We wrap all of this up into a custom Python class just to make it easy to keep track of the steps and control each experiment and we are ready to run!

result = evaluate(
    self.predict, # Our predict function
    data=client.list_examples(dataset_name=dataset_name), # Our evaluation dataset
    evaluators=[qa_eval], # Our custom evaluator
    experiment_prefix=f"{self.model}-{tokens}" # Prefixes the experiments in Langsmith for readability
)

Results

The results of our experiment with Gemini 1.5 Flash were nothing short of amazing! Across all context lengths, from 50,000 tokens all the way up to the full million-token capacity, Gemini 1.5 Flash achieved 100% accuracy in answering our test questions!

Experiment Results in LangSmith

You can view the full test results on LangSmith here.

Let’s break down what this means:

  1. 🔬 Perfect Accuracy: Regardless of whether we gave Gemini 1.5 Flash 50,000 tokens of context or 1,000,000 tokens, it consistently provided correct answers to our questions. This level of consistency is impressive and suggests that the model can effectively process and utilize information from extremely large contexts.
  2. 🧠 Information Synthesis: Our questions required more than just information retrieval. They involved comparing data points from different parts of the context. Gemini 1.5 Flash’s perfect score indicates a strong ability to understand information across a huge context, not just locate specific strings.

To put this in perspective, at the maximum context length, Gemini 1.5 Flash was accurately answering questions while processing the equivalent of a 400-page book in a single query. This is a significant leap beyond traditional document analysis capabilities.

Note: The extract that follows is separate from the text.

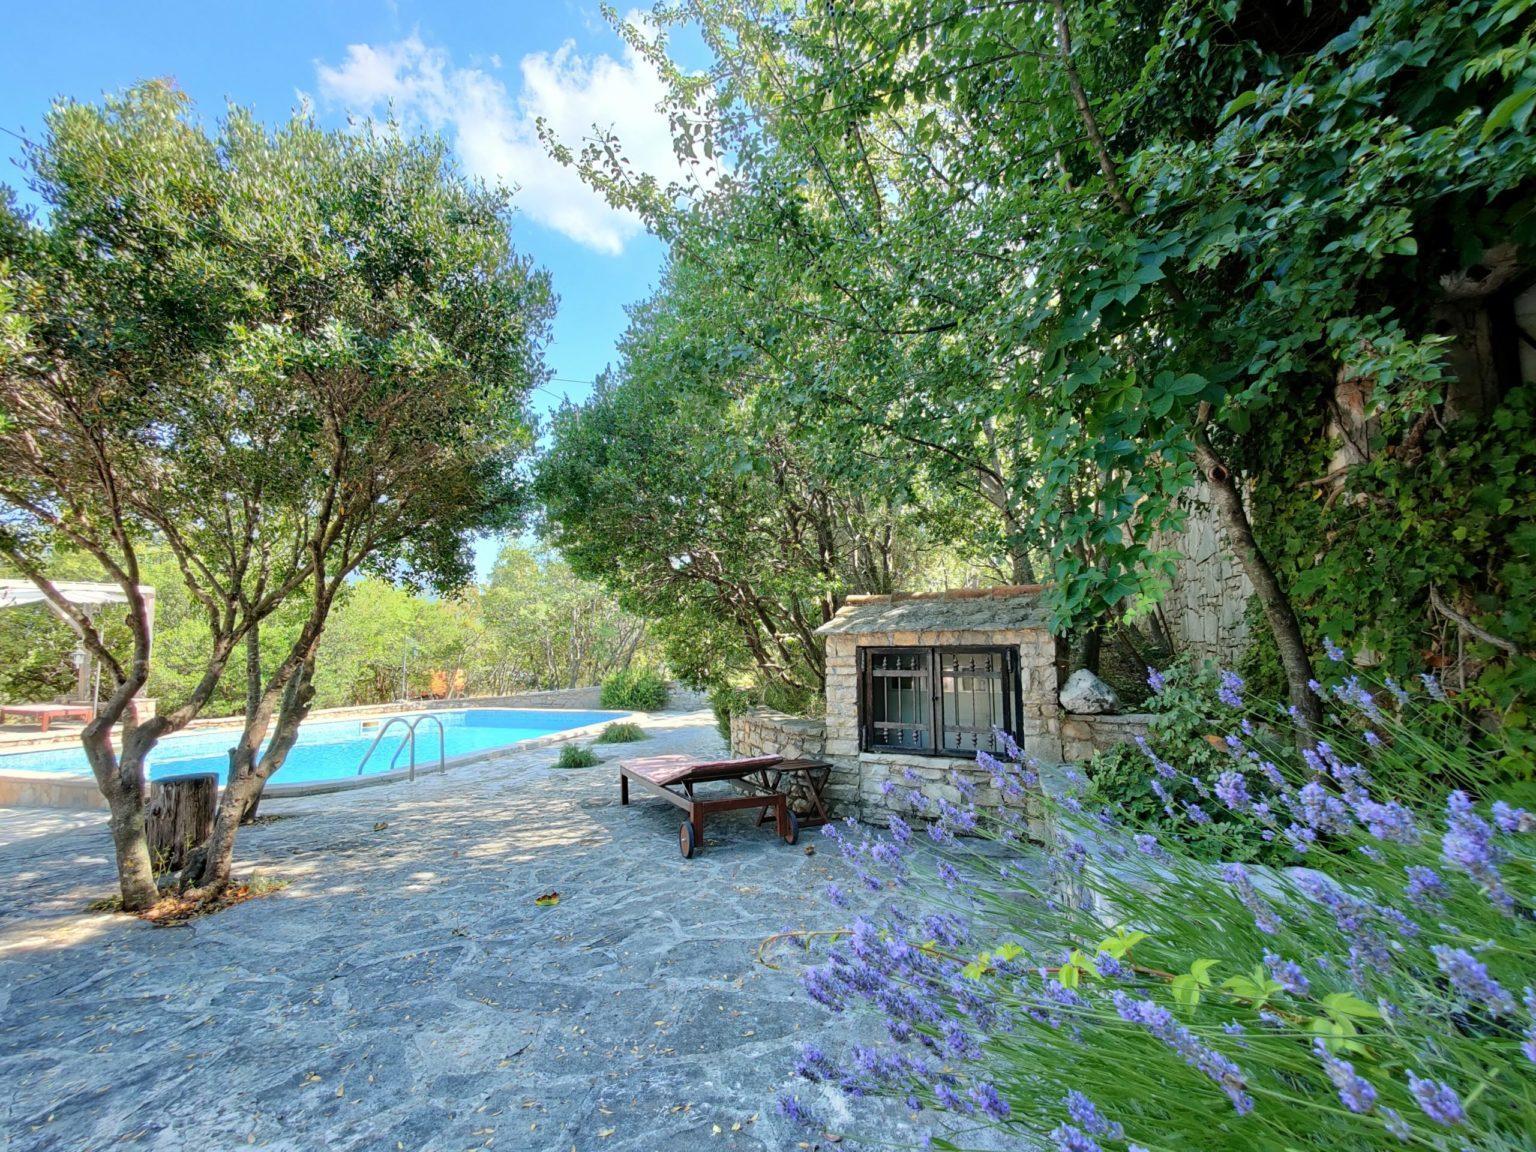 hochzeitslocation Kroatien location hochzeit heiraten 11 2 scaled - Stone House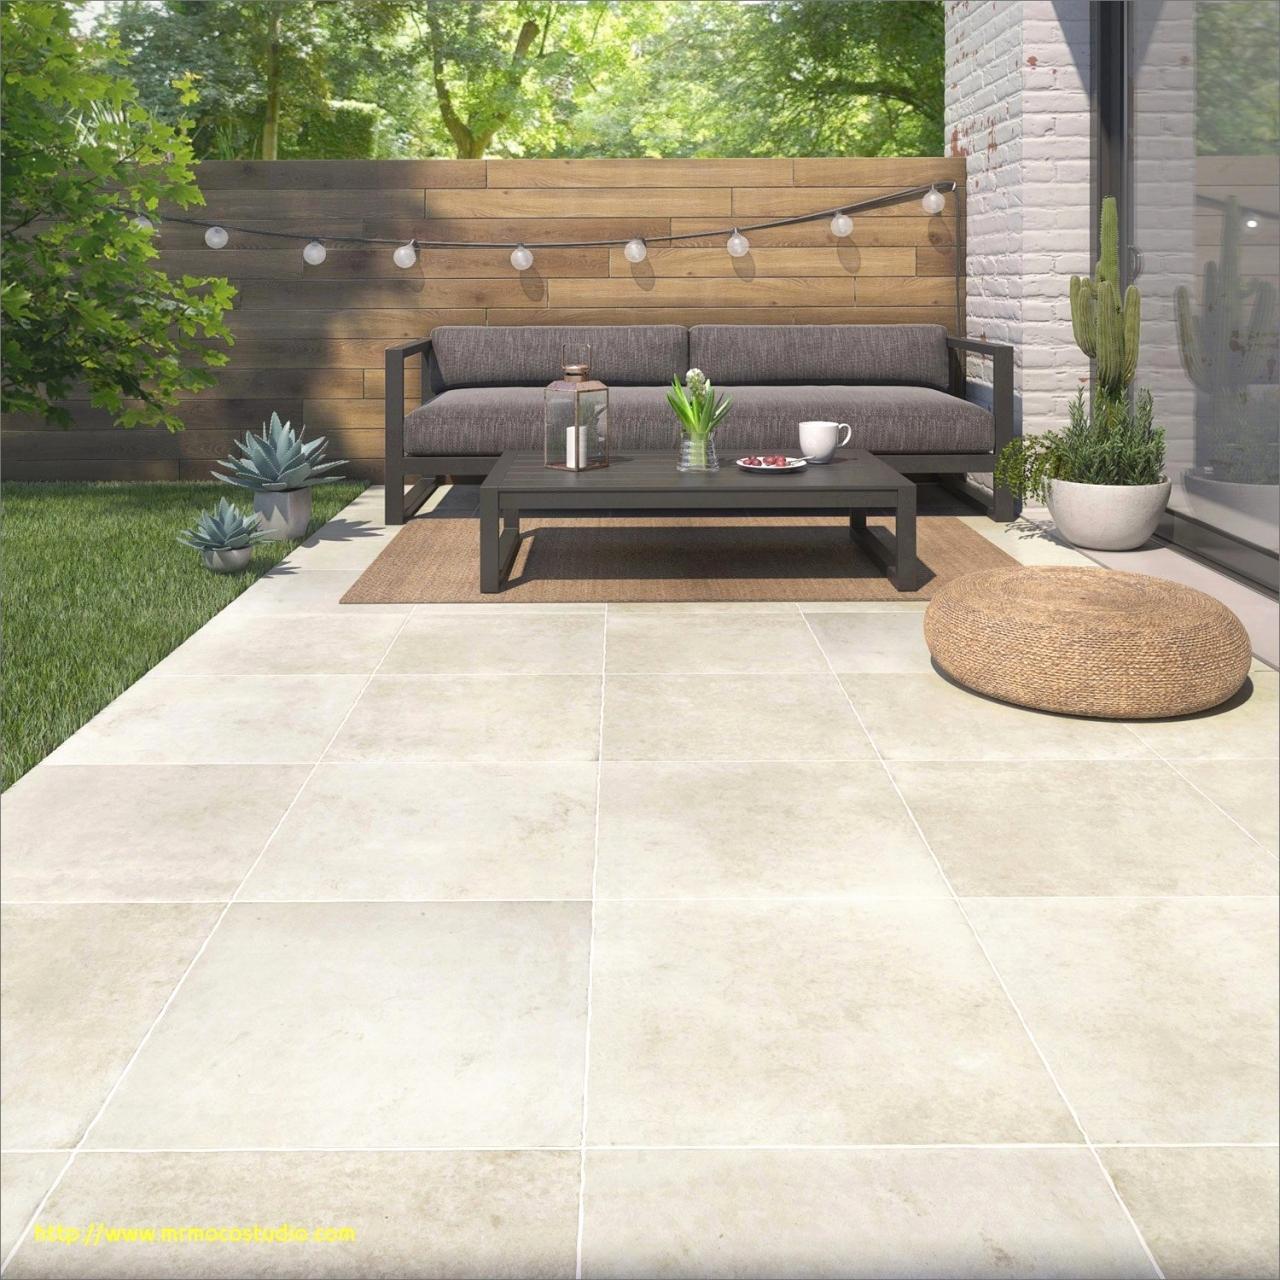 tapis de sol exterieur terrasse luxe 201 tapis de sol exterieur terrasse sol terrasse exterieur elegant of tapis de sol exterieur terrasse

However, it’s important to note some limitations of our experiment:

  1. Question Complexity: Our questions, while requiring synthesis, are relatively straightforward. We deliberately avoided questions requiring complex numerical reasoning or identifying trends across the entire dataset.
  2. Limited Question Set: We used a small set of questions for each evaluation. A larger, more diverse set of questions could provide even more robust insights into the model’s capabilities.

Despite these limitations, the results are extremely promising. They suggest that Gemini 1.5 Flash can maintain high accuracy and information synthesis capabilities with very low costs, even when dealing with massive amounts of context. This opens up exciting possibilities for applications in various fields, from business analytics to scientific research.